Dr. Seth Pollack is Medical Director of the Sarcoma Program at the Robert H. Lurie Comprehensive Cancer Center of Northwestern University and is the Steven T. Rosen, MD, Professor of Cancer Biology and associate professor of Medicine in the Division of Hematology and Oncology at the Feinberg School of Medicine. Learn more about Dr. Pollack, here.
Well, I’d like to address a list of common concerns about clinical trials that we’ve heard from various audience members prior to this program.

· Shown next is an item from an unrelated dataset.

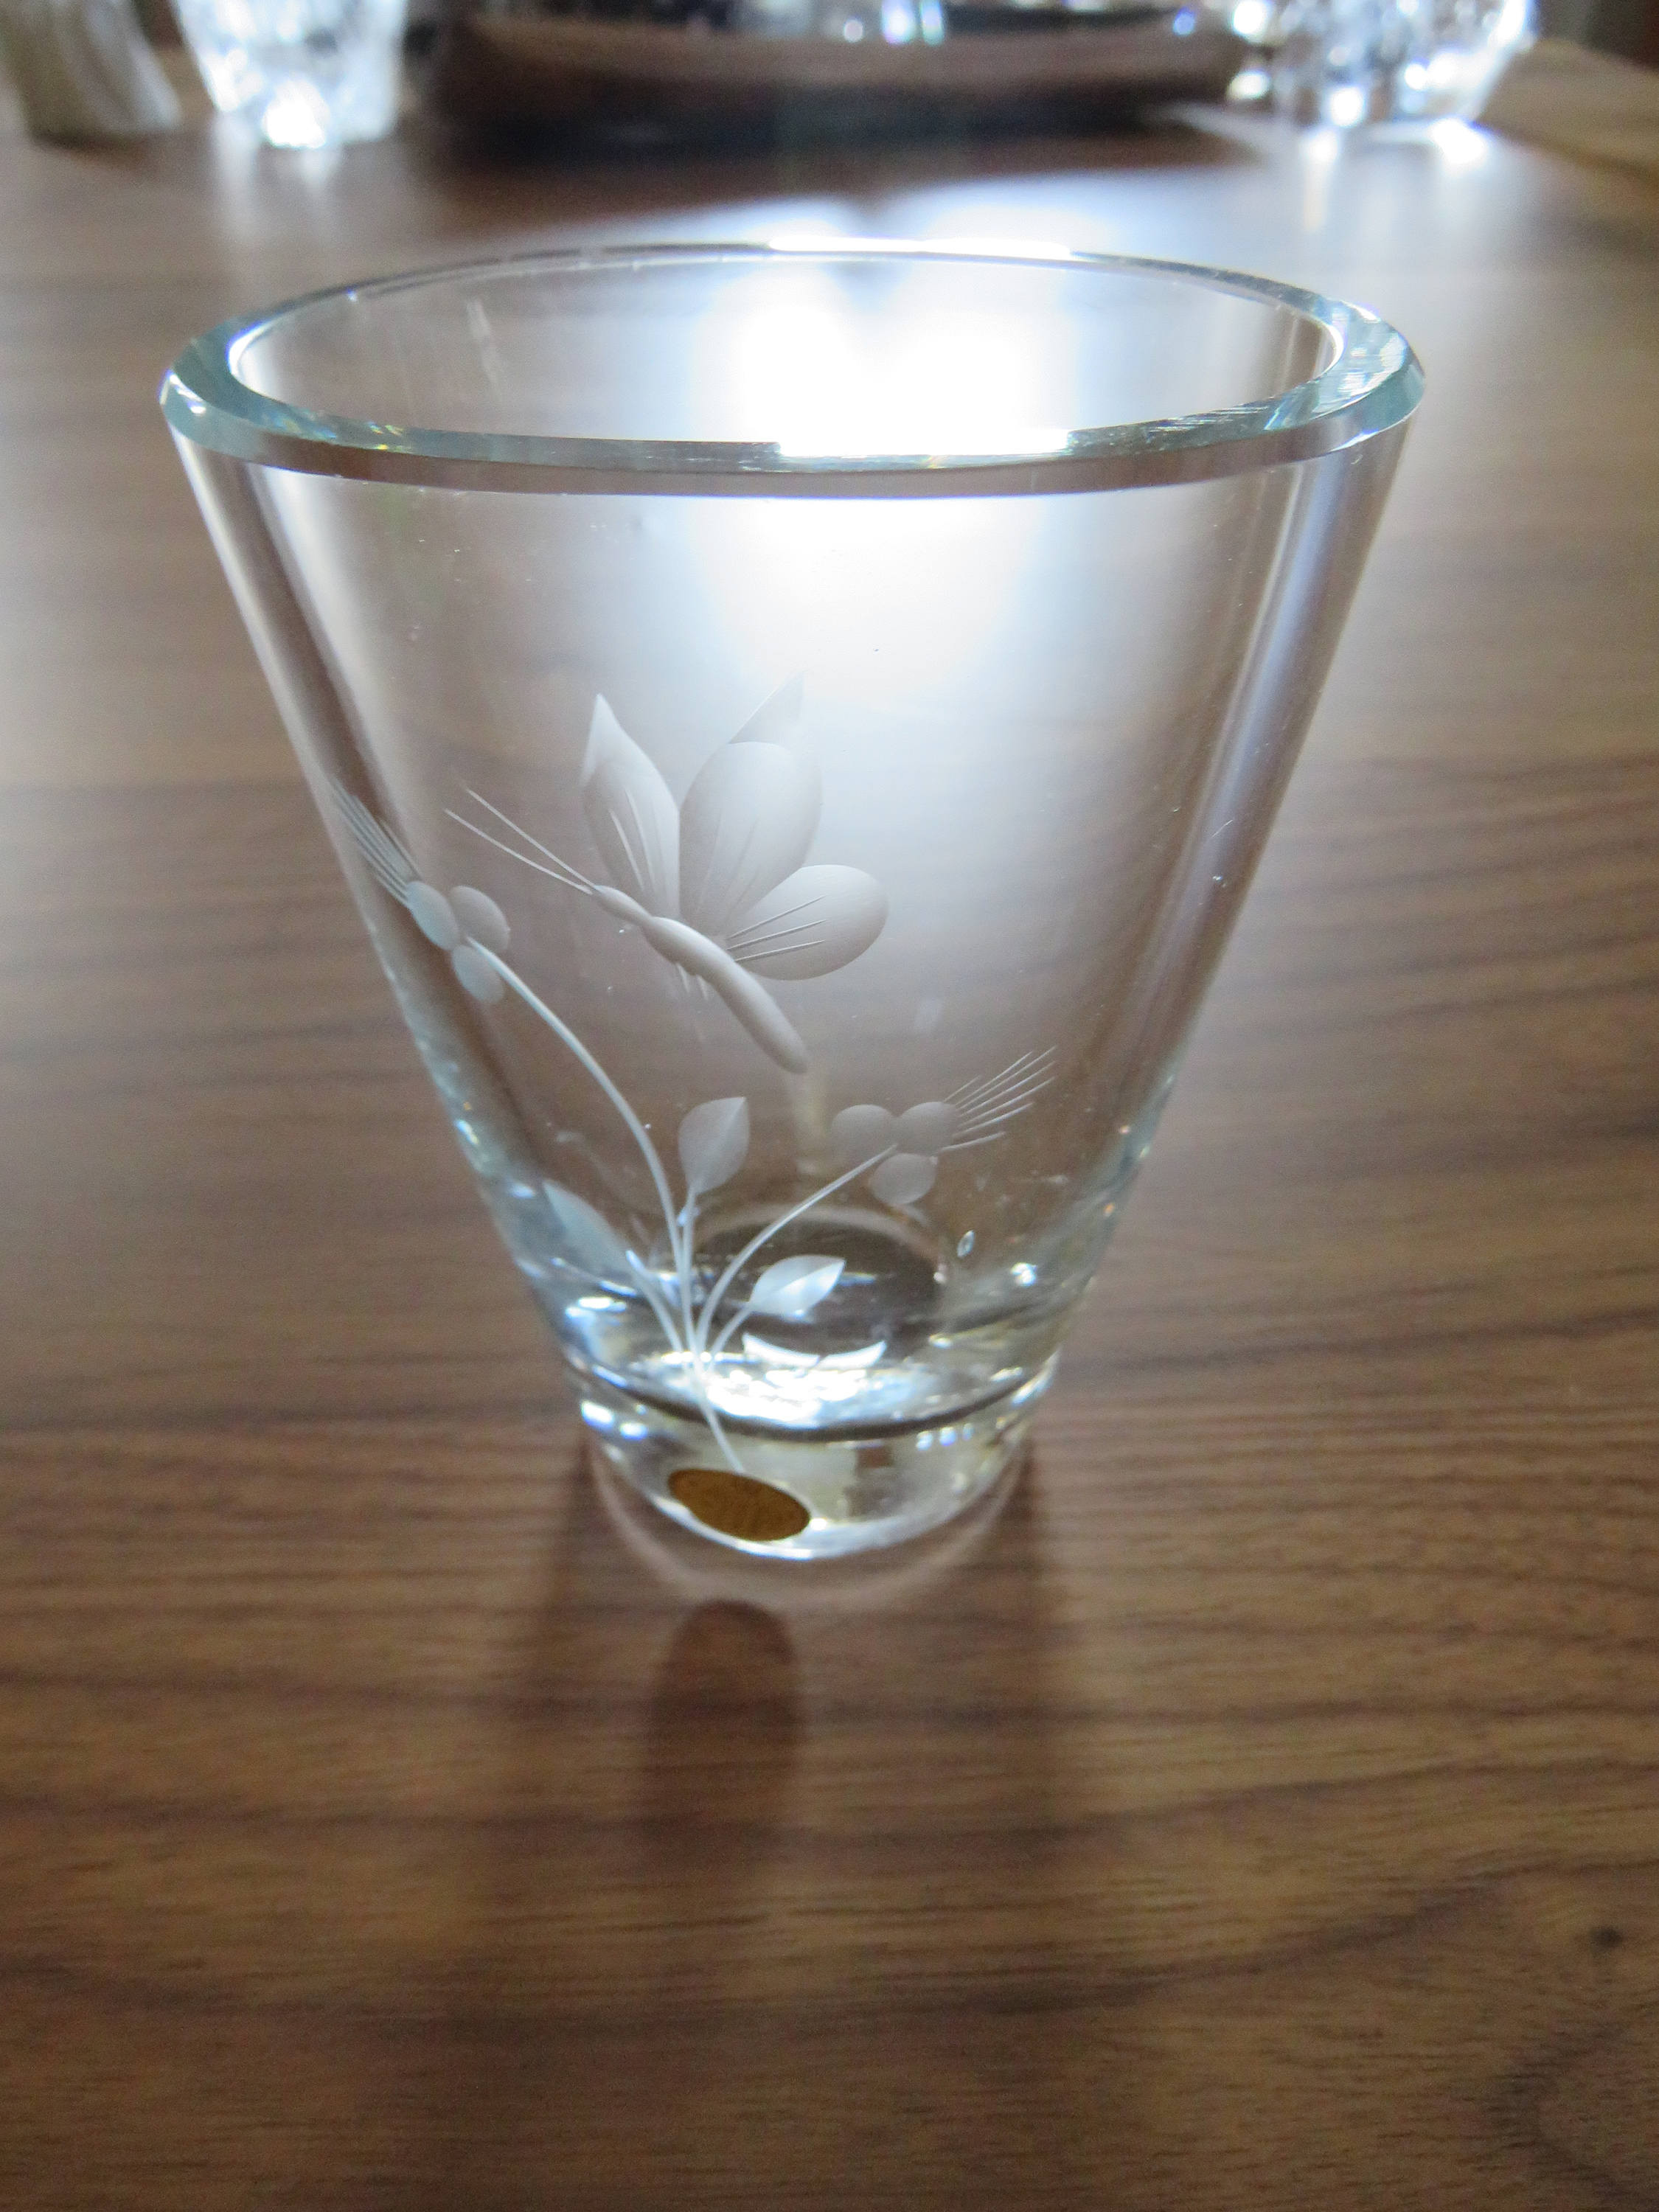 kosta boda vase of small kosta crystal etched butterfly thistle flower vase etsy intended for dzoom

And this is probably the most common; I will be a guinea pig. Dr. Pollack, how do you respond to that?
Dr. Seth Pollack:
Yeah. I know that is a common concern. I mean, I think the thing that people have to understand about clinical trials is there is just so much oversight that happens for these clinical trials. Every document, every procedure, is scrutinized by multiple committees. There’s a scientific review committee, there’s a review board, IRB, that reviews these. Many of these trials are reviewed by the FDA and they’re reviewed by your doctor and your doctor’s colleagues that are also participating in the trial. So, every detail is discussed at length.
In fact, a lot of the times there’s a lot more structure to being on the clinical trial than just routine clinical care because they’ve thought so thoroughly about when everything needs to be done and what the right timing of is for the various procedures.